A well-known aphorism in chemistry is that for every 10° increase in temperature, the rate of a reaction will increase twofold. If the reaction were performed at 45° C predict whether it would occur at twice the rate of the reaction performed at 35° C ?

Yeah, it would, more or less. But it depends on its activation energy, and whether it is close to #"50 kJ/mol"# or not... You'll be within #10%# error if #E_a = 45 - "60 kJ/mol"#.

Well, let's first determine what average activation energy is required to fit to this "aphorism". The well-known Arrhenius equation states:

#k = Ae^(-E_a//RT)#

and we know that #k prop r(t)#, the rate of reaction. Hence,

#(r_2(t))/(r_1(t)) = k_2/k_1 = e^(-E_a/R [1/T_2 - 1/T_1])#

since #E_a# is hardly dependent on temperature. We assume that #k_2/k_1 = 2#, and solve for the #E_a# such that this is true.
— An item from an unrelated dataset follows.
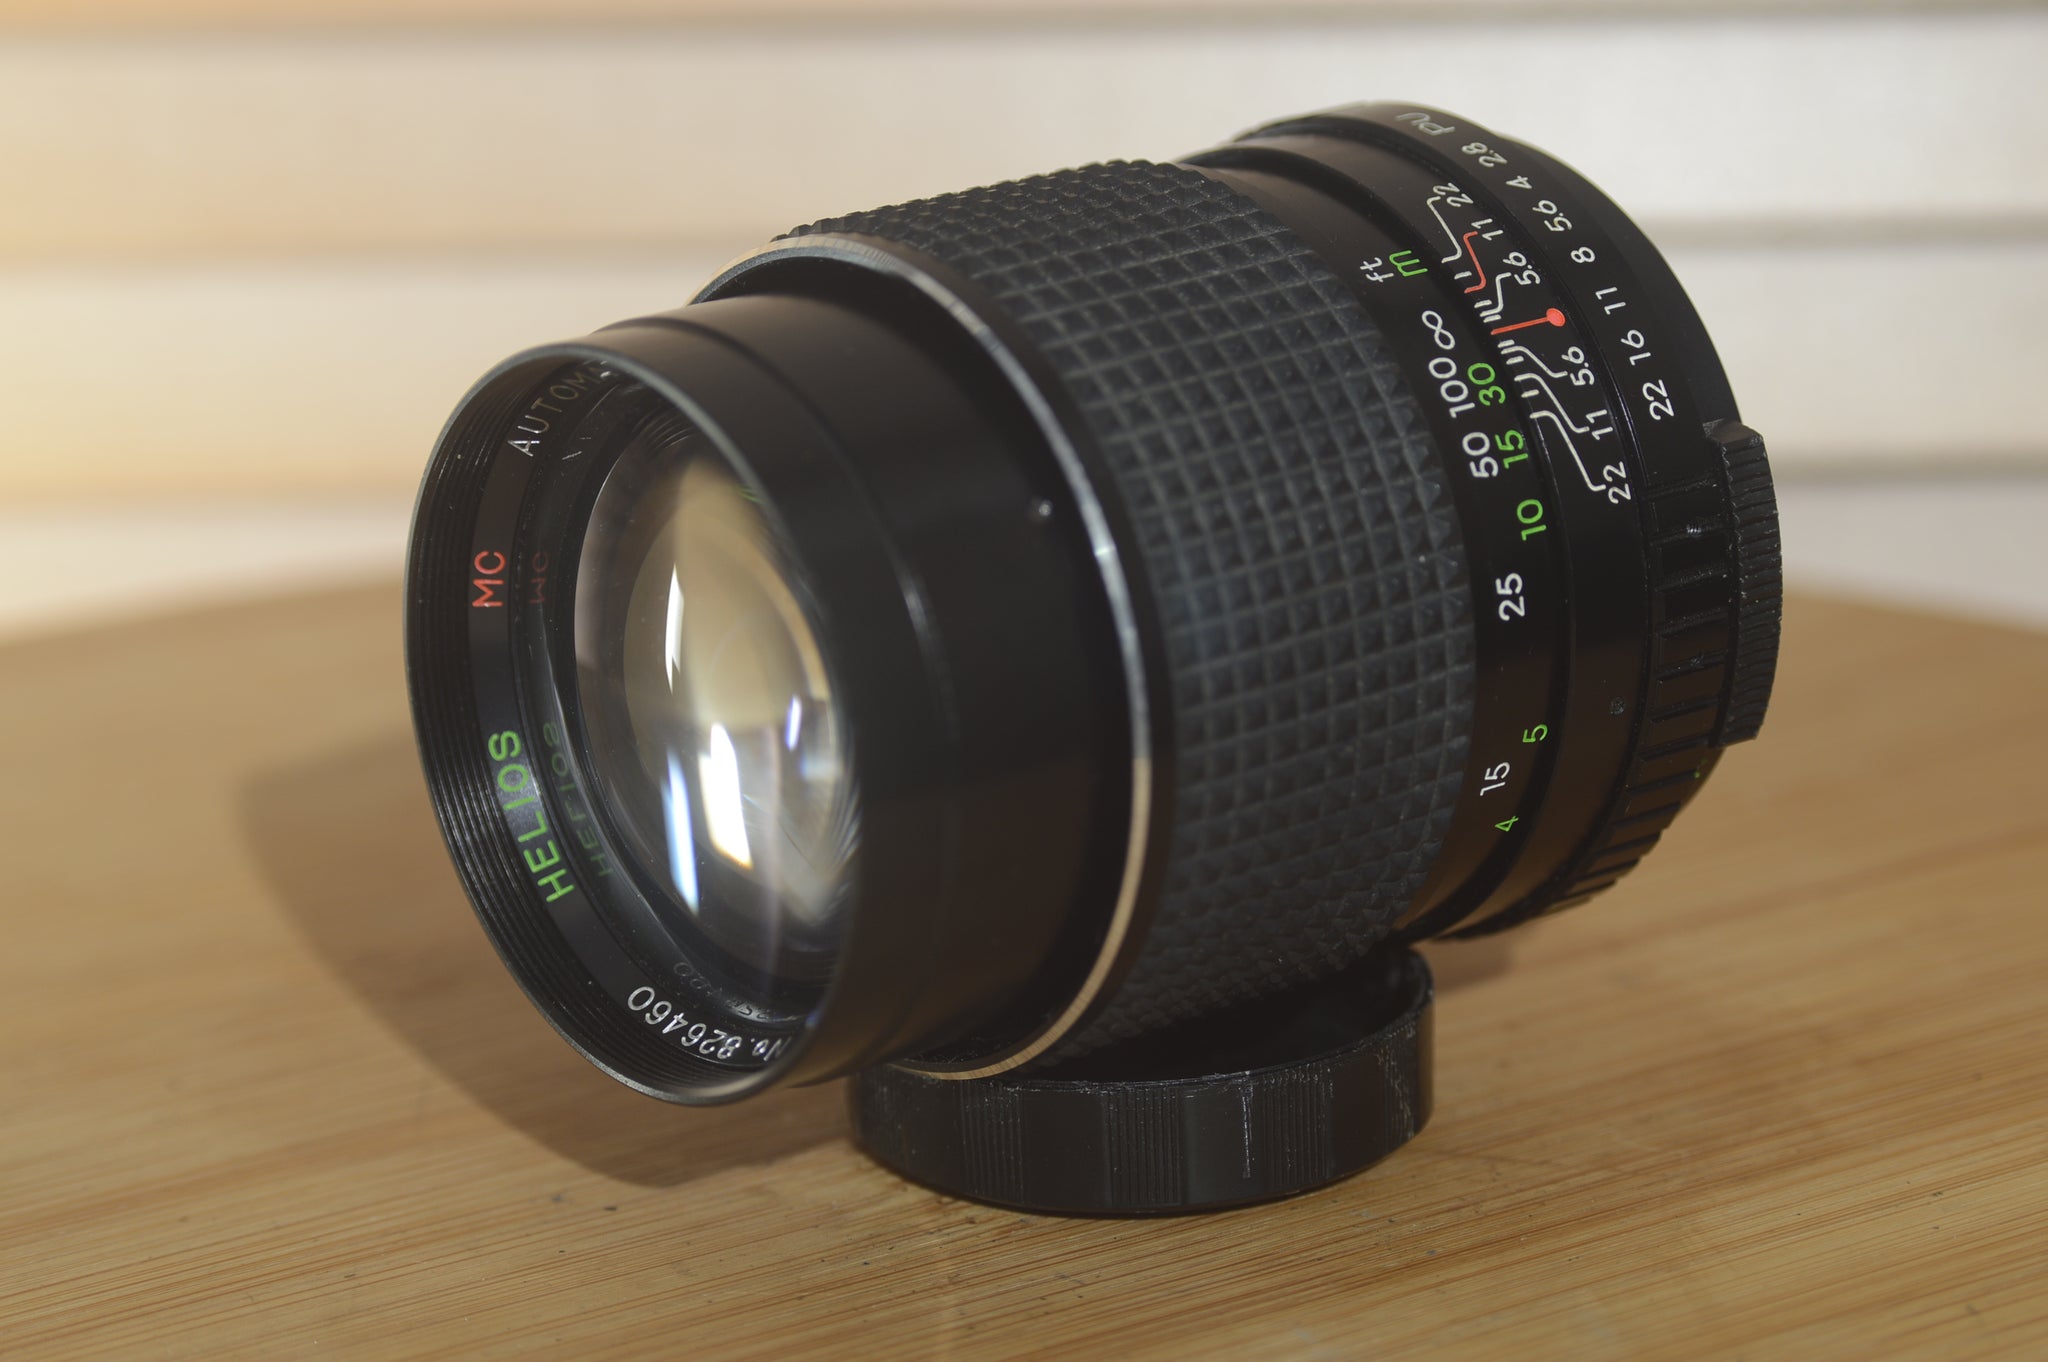 Helios M42 MC 135mm f2.8 lens. Fantastic Condition portrait lens. - RewindCameras quality vintage cameras, fully tested and serviced

#color(green)(E_a) = -(Rln(2))/(1/T_2 - 1/T_1) = -(Rln2)/(1/(T+10) - 1/T)#

#= -(Rln2)/(T/(T(T+10)) - (T+10)/(T(T+10)))#

#= -(Rln2)/(-10/(T(T+10))#

#= ((T+10)/10)RTln2#

#= color(green)((T/10 + 1)RTln2)#

where #T# is a lower temperature and #T+10# is #"10 K"# higher. #R = "8.314472 J/mol"cdot"K"#.

Do NOT be confused into thinking that #E_a# depends on the temperature.

All this says is that in order to manage a rate at #T+10# to be twice the rate of #T#, the reaction has to be chosen so that the activation energy is a certain value (i.e. via a catalyst), and depending on the temperature, only certain reactions will follow this "rule".

If we pick #T = "298.15 K"#, then #E_a = "52.95 kJ/mol"#.

We simplify this to find that at standard temperatures, this rule typically holds true if #E_a ~~ "50 kJ/mol"#, a relatively fast reaction.

So let's see if #k_2/k_1 = 2# if we choose a different temperature range. We begin from mid-derivation...

#E_a = (T/10 + 1)RTln(k_2/k_1)#

#ln(k_2/k_1) = E_a/((T/10 + 1)RT)#

#=> color(blue)(k_2/k_1) ~~ "exp"[("50000 J/mol")/(("308.15 K"/10 + 1)("8.314472 J/mol"cdot "K" cdot "308.15 K"))]#

#= color(blue)(1.92)#

Not bad... yeah, it's pretty close to #2#. Verify that if #E_a = "52.95 kJ/mol"#, it would be exactly #2#.